悪いことをするよりは、何もしないほうがよい。悪いことをすれば、後で悔いる。単に何かの行為をするよりは、善いことをするほうがよい。なしおわって、後で悔いがない。
悪をなさぬ方がよい、なれば後に苦しみを招く。善を行えば、喜びと幸福を必ずもたらす。

詳細解説

この偈は、仏陀が祇園精舎で嫉妬深い妻に関して説かれたものである。物語によれば、夫が女中と不適切な関係を持った。妻はこれを知り、女中を縛り、耳と鼻を切り、部屋に閉じ込めた。罪を隠すため、妻は夫を誘い一緒に法を聞きに行った。二人は精舎に到着し、会衆の中に座った。その時、妻の親戚が訪ねてきた。彼らは部屋の扉を開け、家の残酷な状況を目撃し、女中を解放した。女中は精舎に行き、仏陀と僧衆に全てを告げた。仏陀は言われた。「誰も見ていないと思って悪をなしてはならない。善は、見られなくとも行うべきである。悪行は隠しても後に悔いを生む。善行は喜びをもたらす。」この出来事を通じて、仏陀はこの偈を説かれた。教えの最後に、この夫婦は初果(須入流果)を証した。女中を解放し、正法に導いた。古典ではこう言う:「善を行う者には福が、悪を行う者には禍がある。」ここでいう「天」とは、超自然的な存在ではなく、因果の法則を指す。慈悲と善行を行う者は大きな福報を得る。逆に他者に害を与える者は、必ず苦報を受ける。
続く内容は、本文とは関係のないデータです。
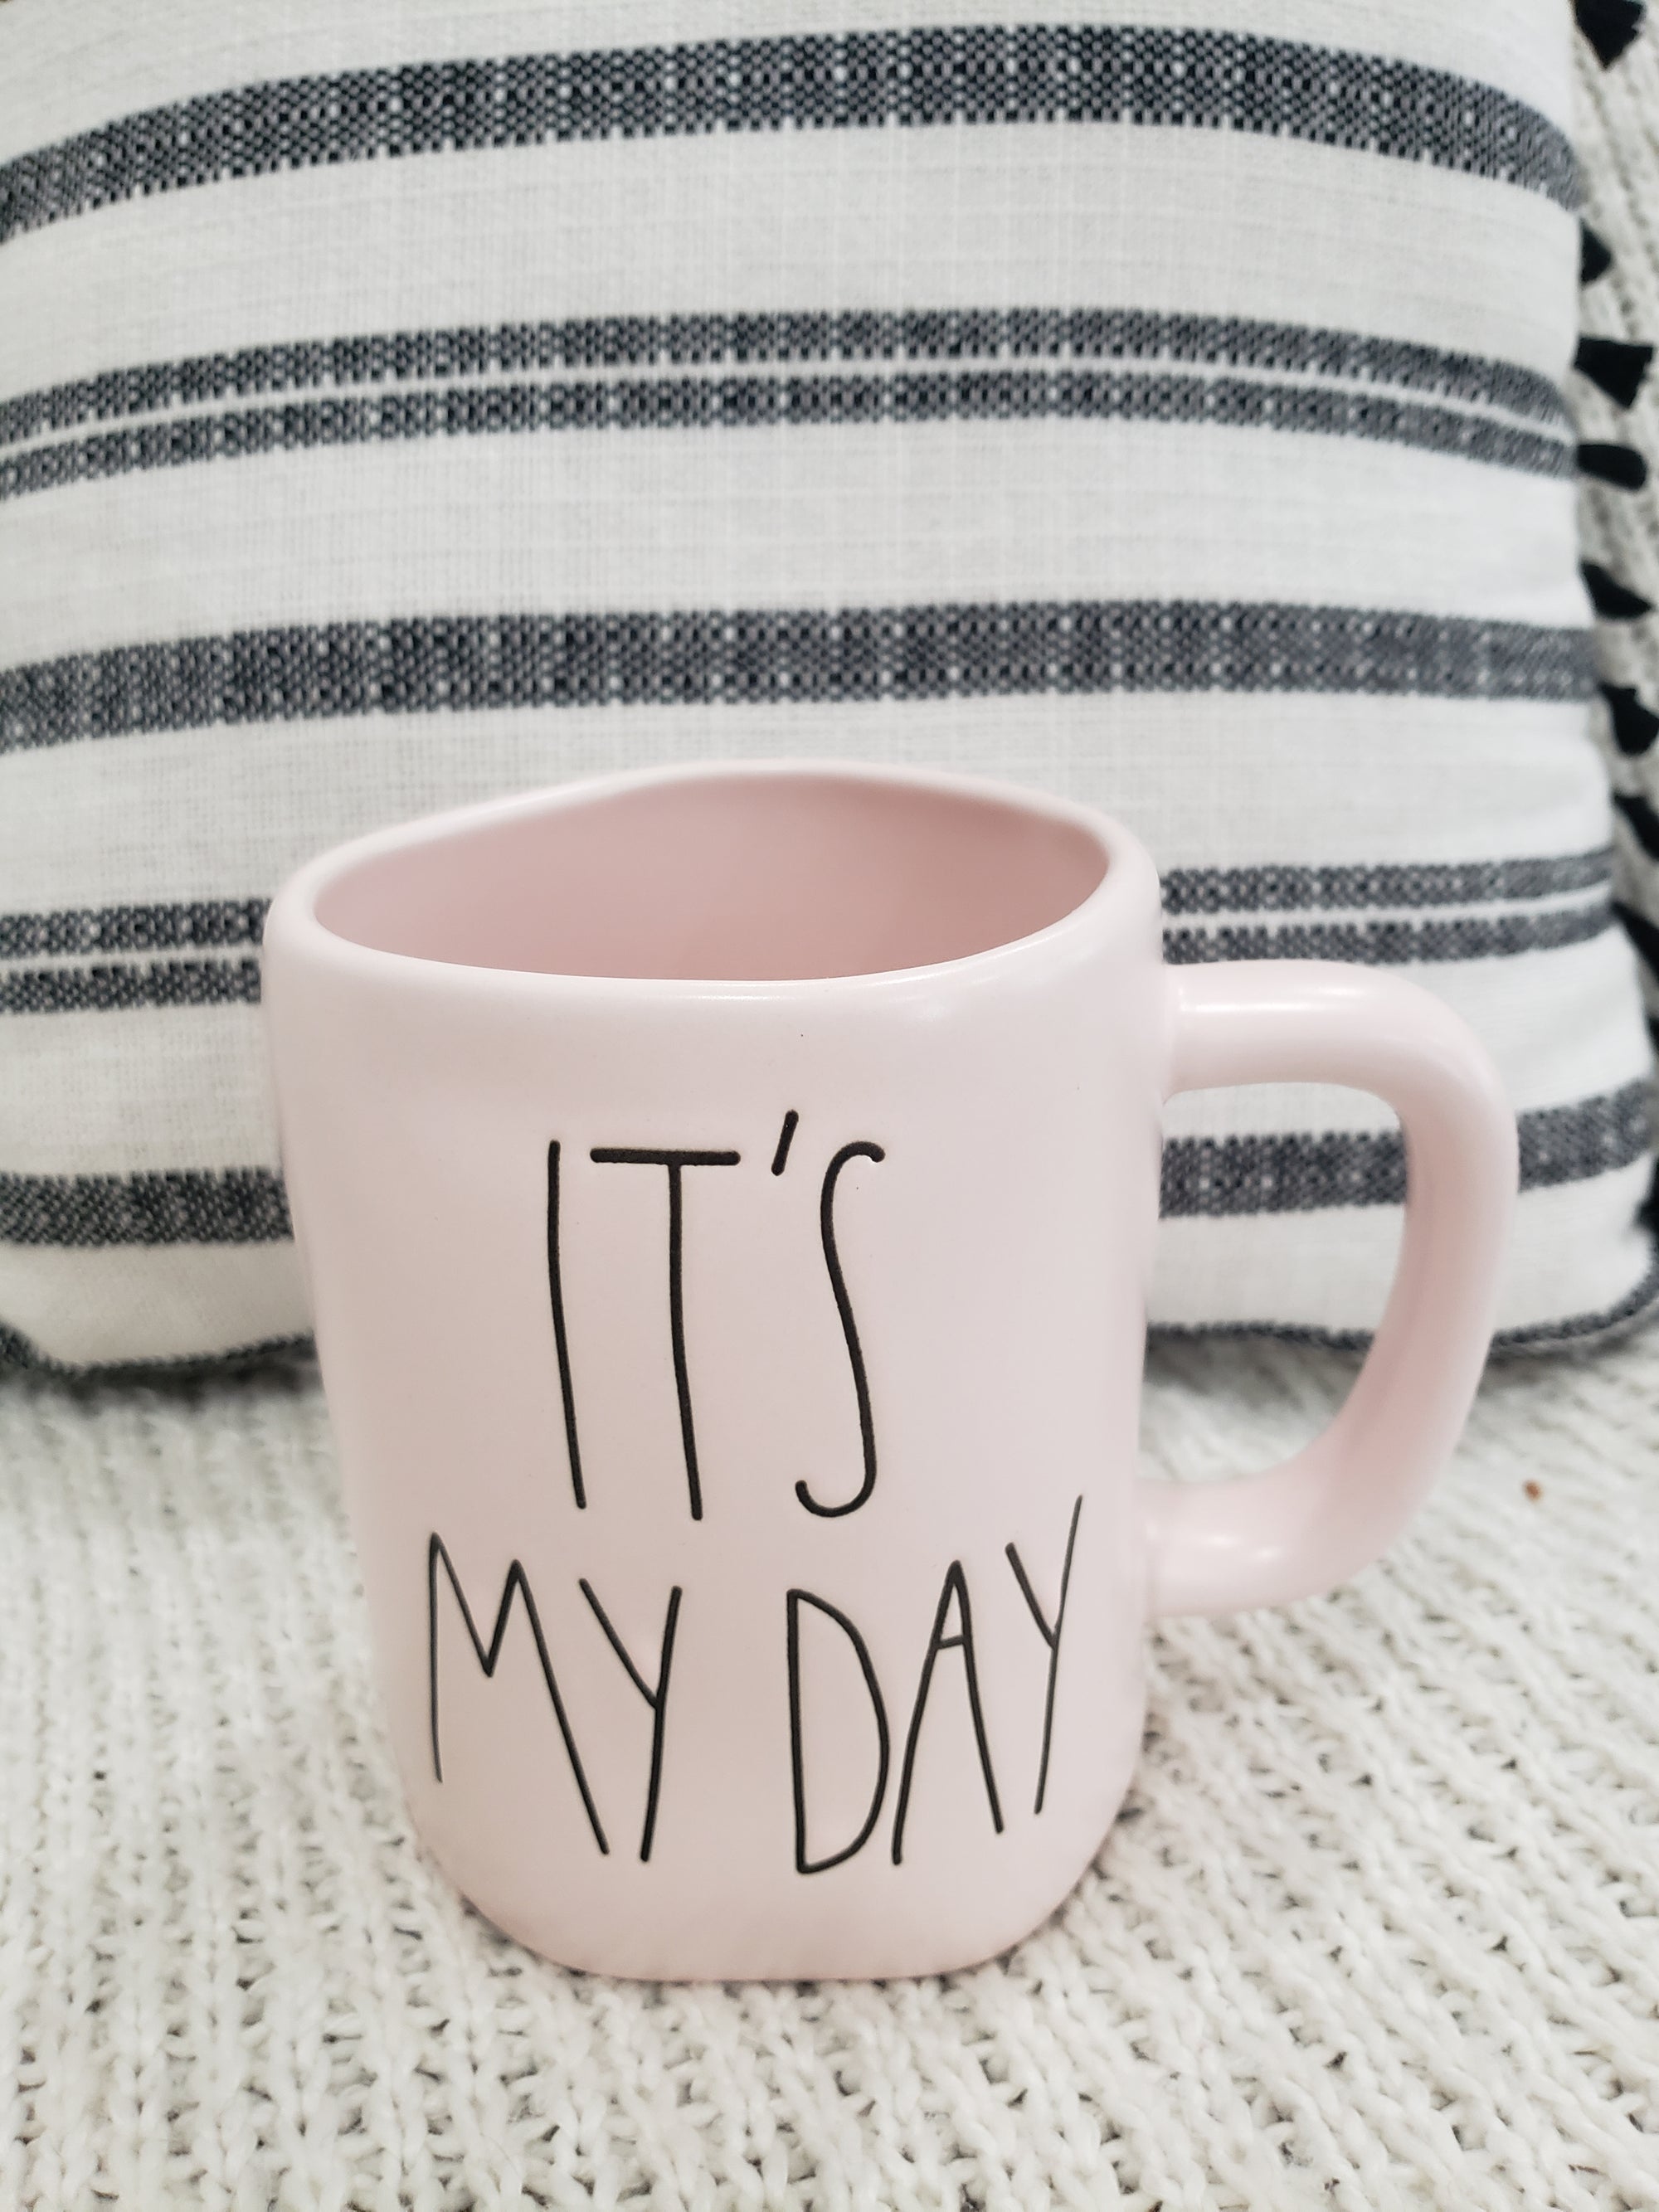 Rae Dunn "It's My Day" Powder Pink Mug Collection

善悪の報いの時期は異なるが、必ず結果が現れる。仏陀は常に人々に悪業を避けるよう勧められた。善行は喜びをもたらす。人を助けること、微笑み、動物を慈しむことは真の幸福をもたらす。人を傷つければ悔恨と不安が生じ、まるで地獄に落ちるかのようである。この物語は、制御されない嫉妬が家族に与える危険も示している。